* The problem *
Once you find the line with "Maxi-Cosi 63409641Pearl Children's", output it and every line after it exactly, through the last line of the listing, but no pictures.

* Dataset section *

^^^^

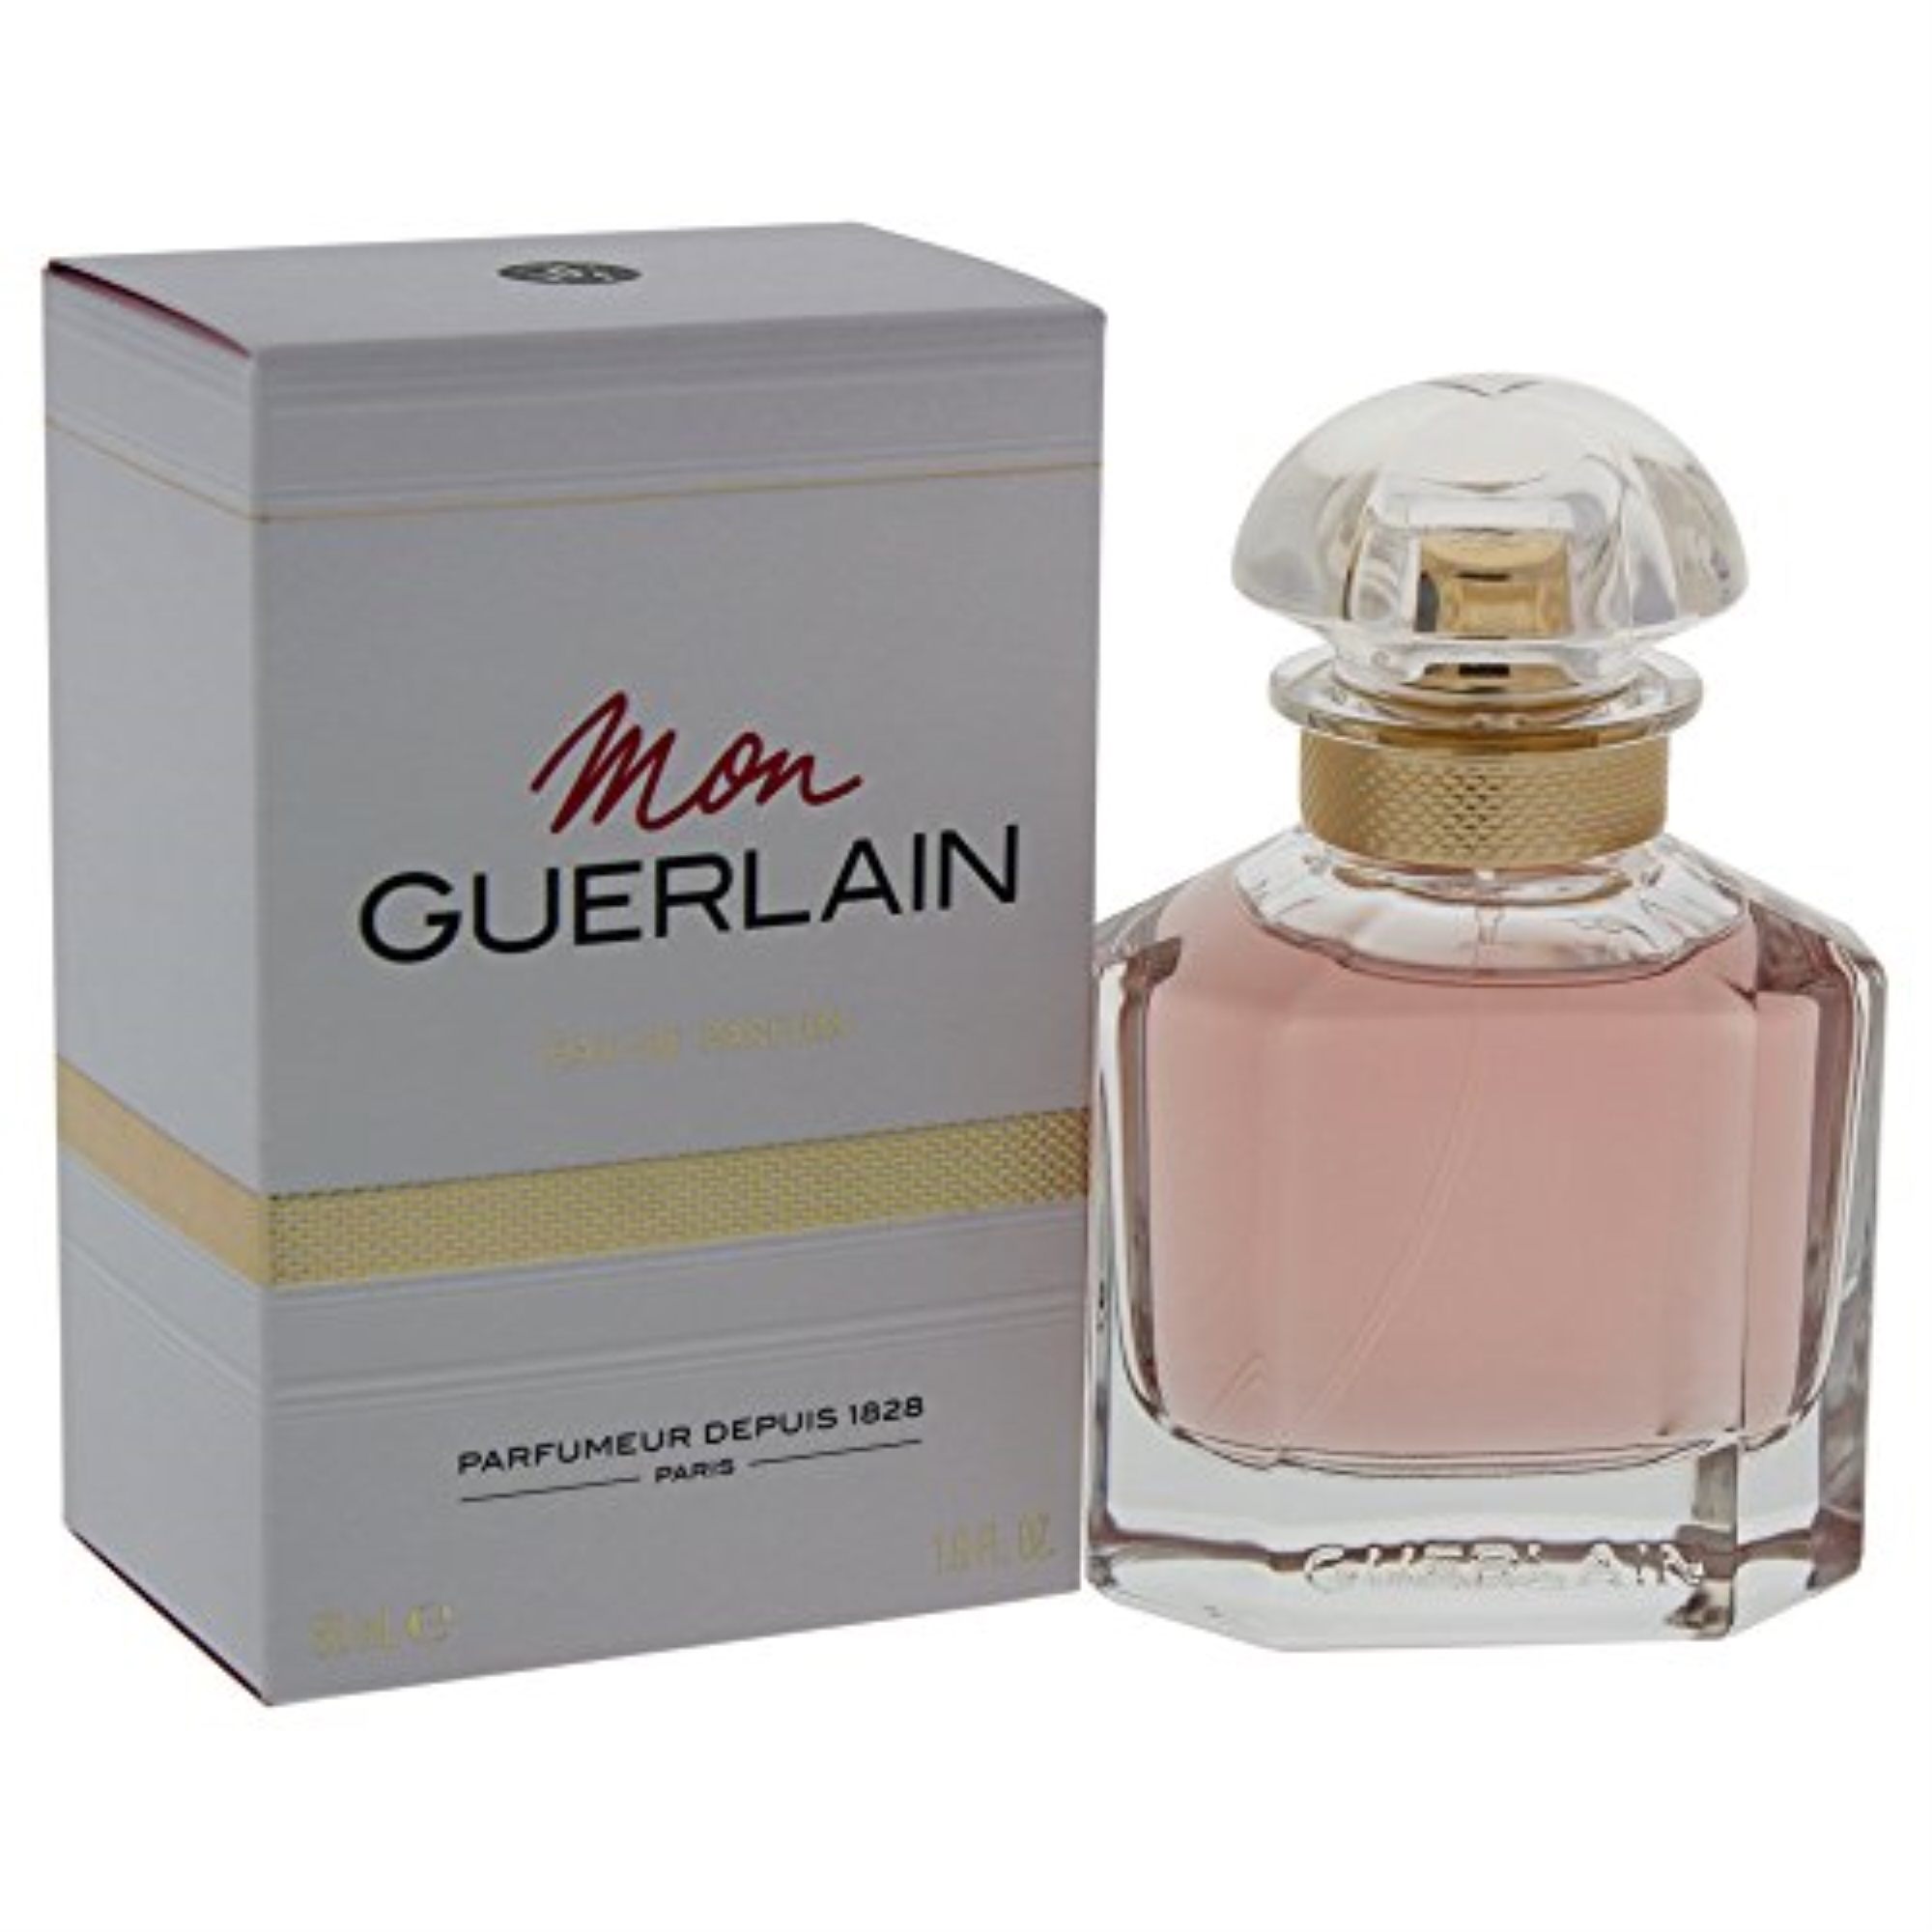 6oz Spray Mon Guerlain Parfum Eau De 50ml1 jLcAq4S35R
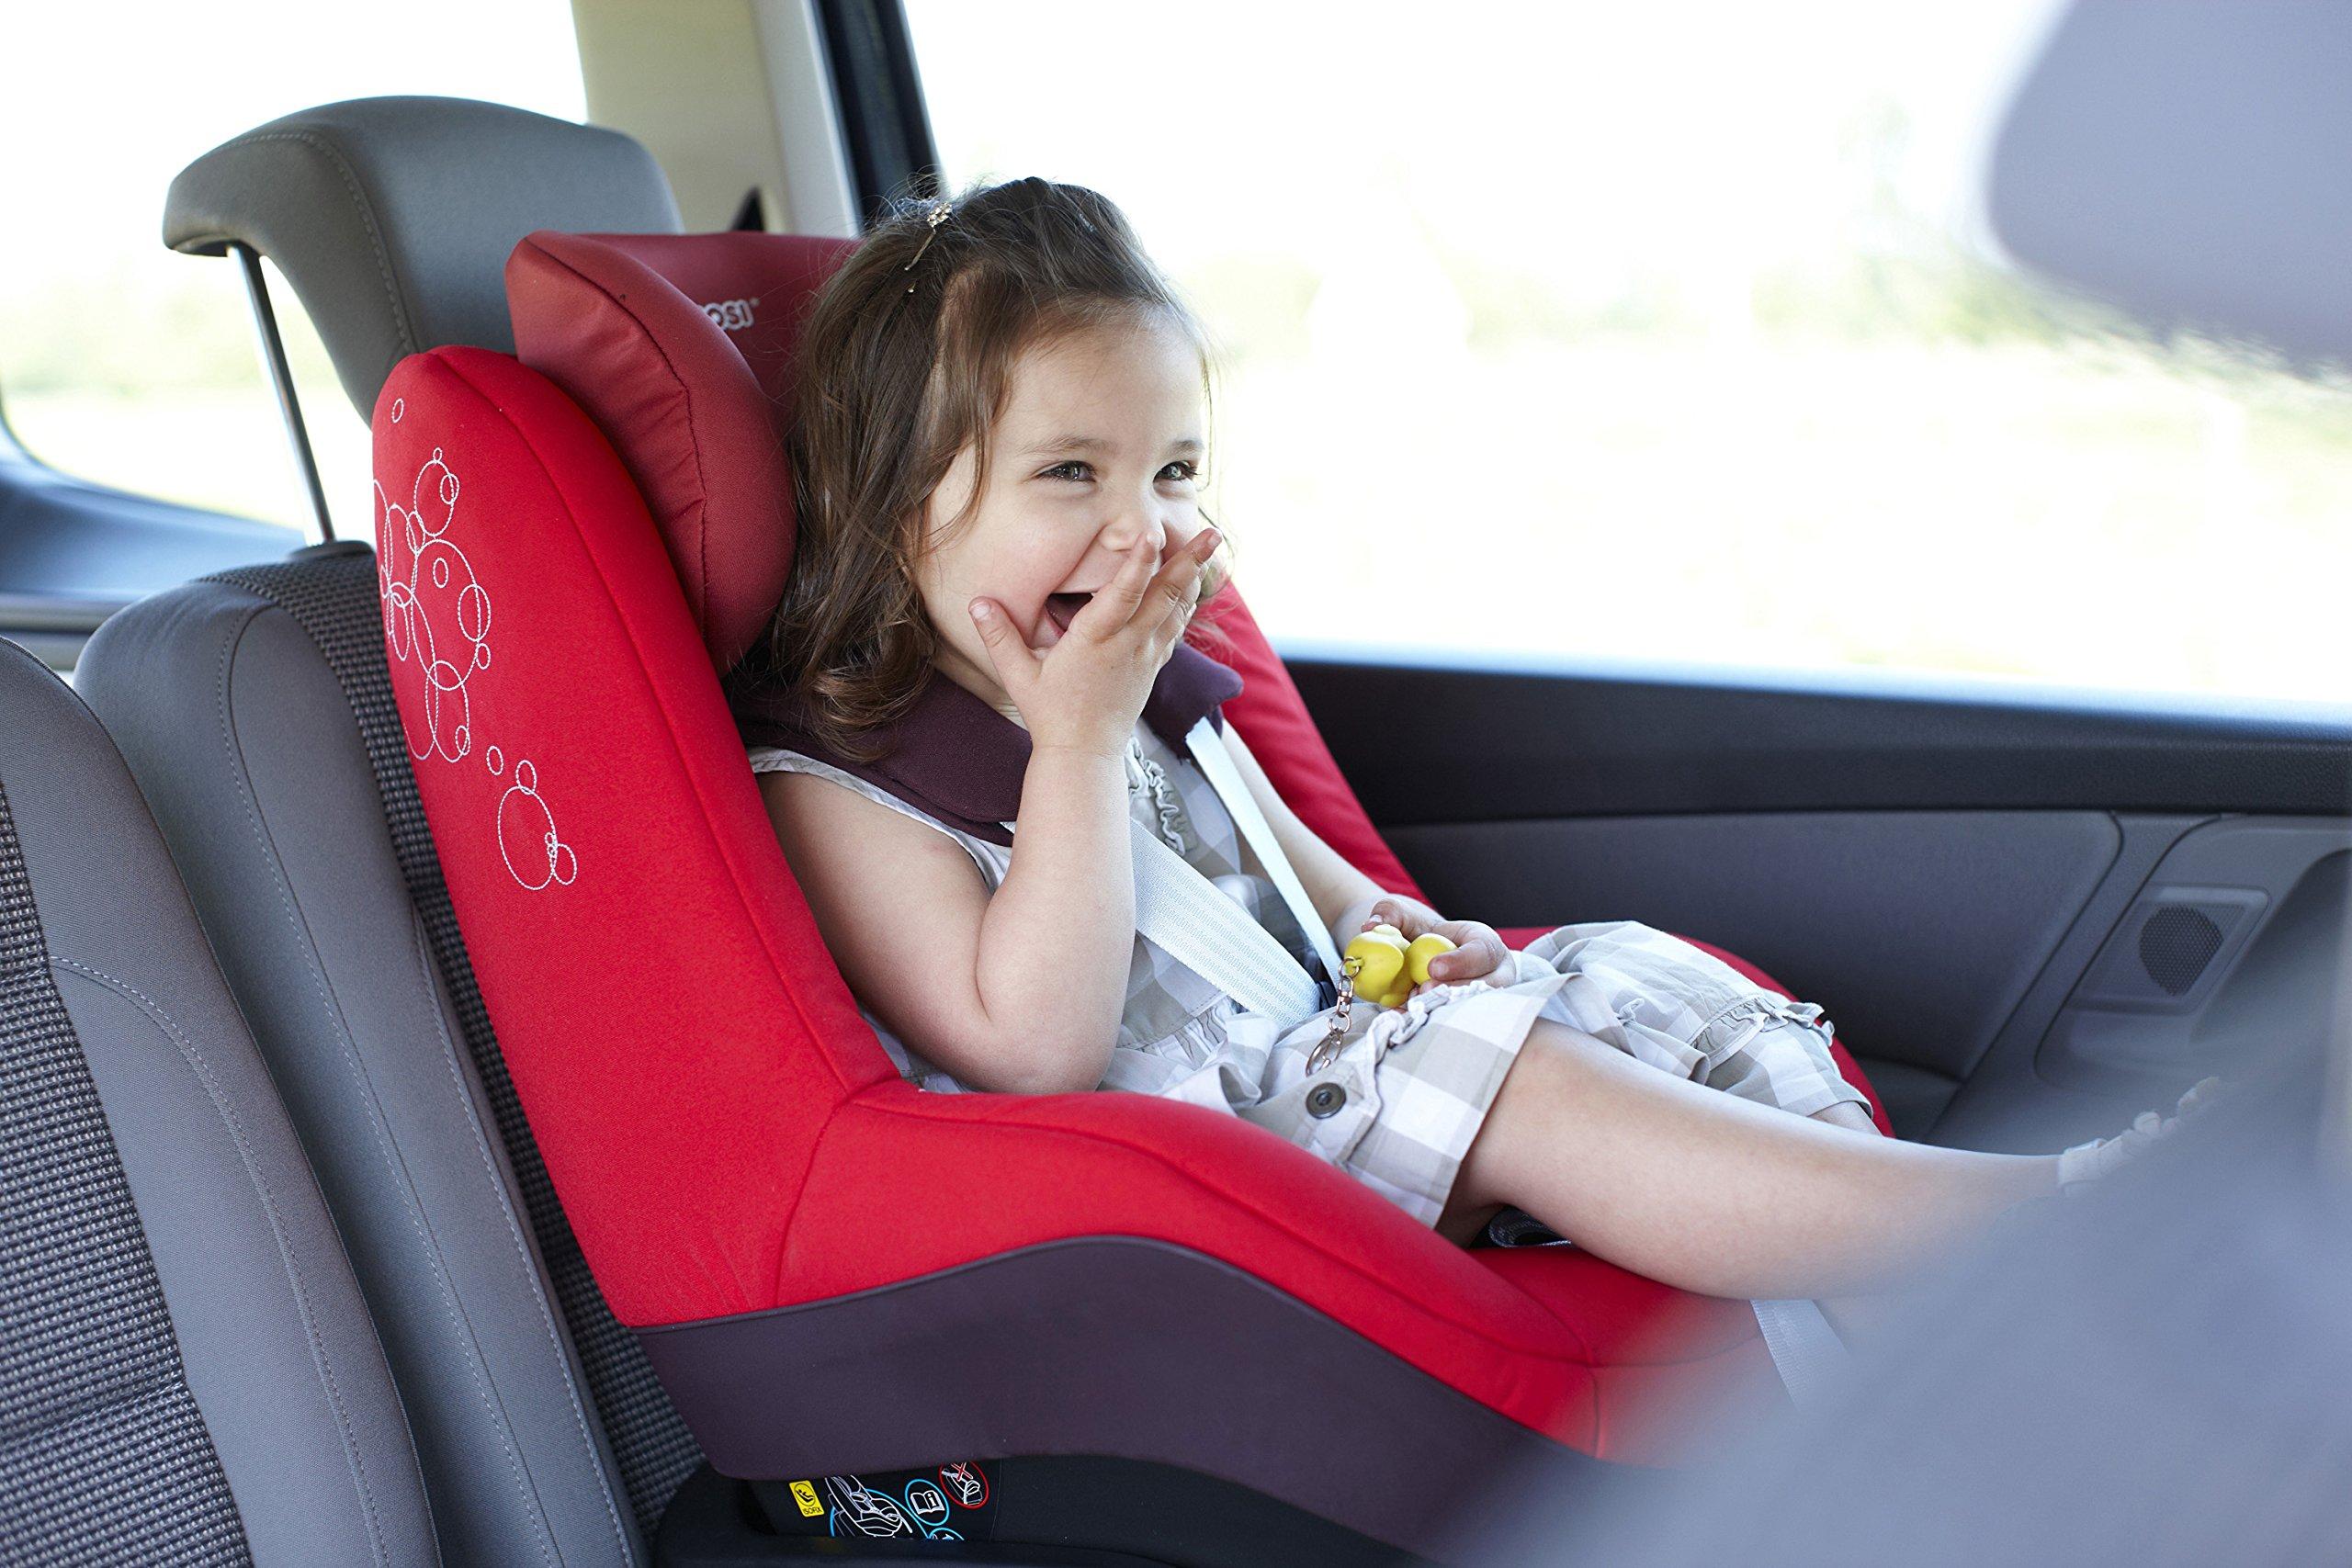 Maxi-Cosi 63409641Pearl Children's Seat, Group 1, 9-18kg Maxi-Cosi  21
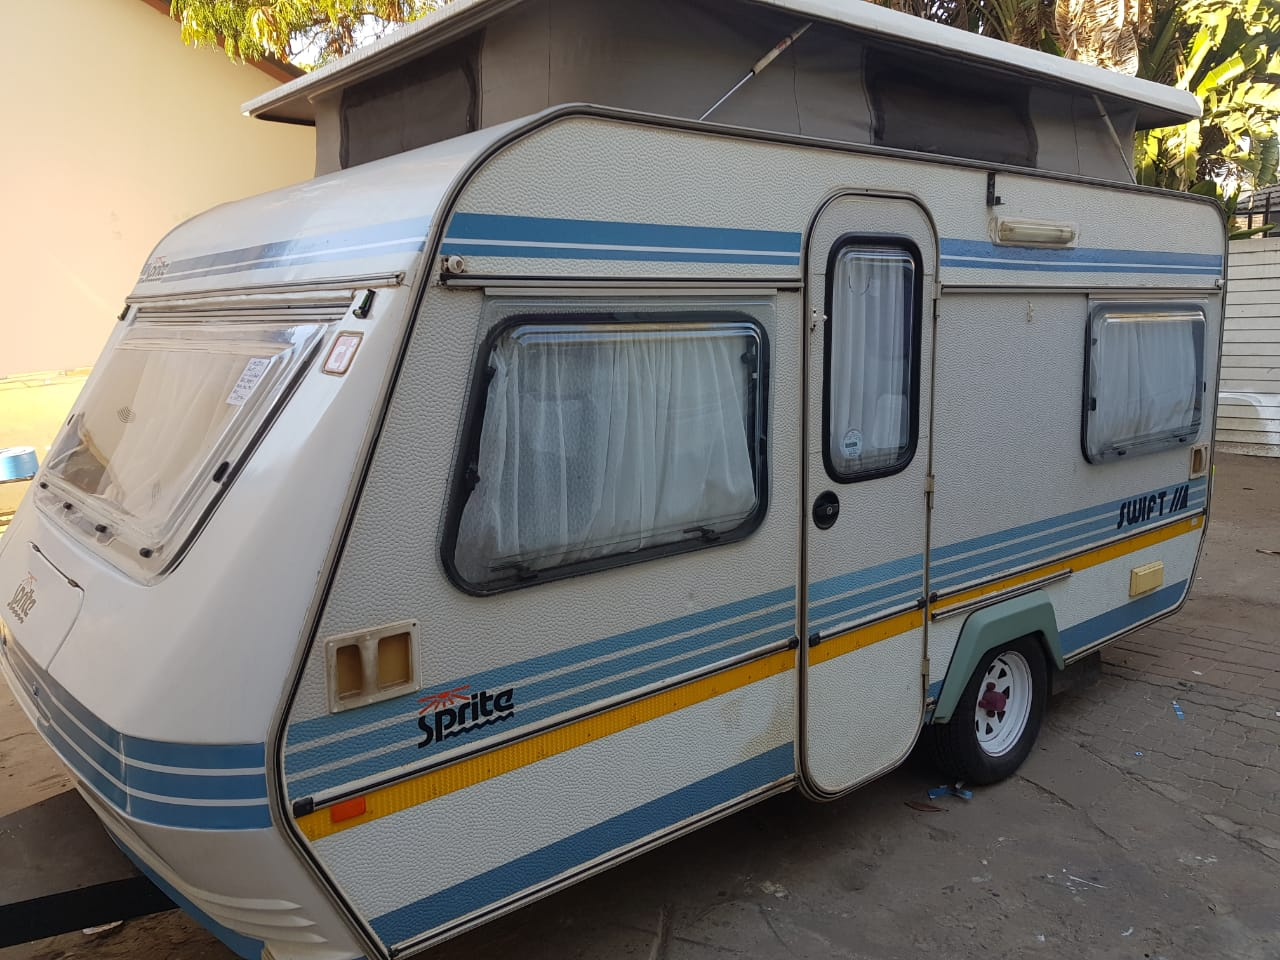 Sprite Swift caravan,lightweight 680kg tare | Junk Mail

^^^^

* Problem solution *
 Maxi-Cosi 63409641Pearl Children's Seat, Group 1, 9-18kg Maxi-Cosi  21
 Sprite Swift caravan,lightweight 680kg tare | Junk Mail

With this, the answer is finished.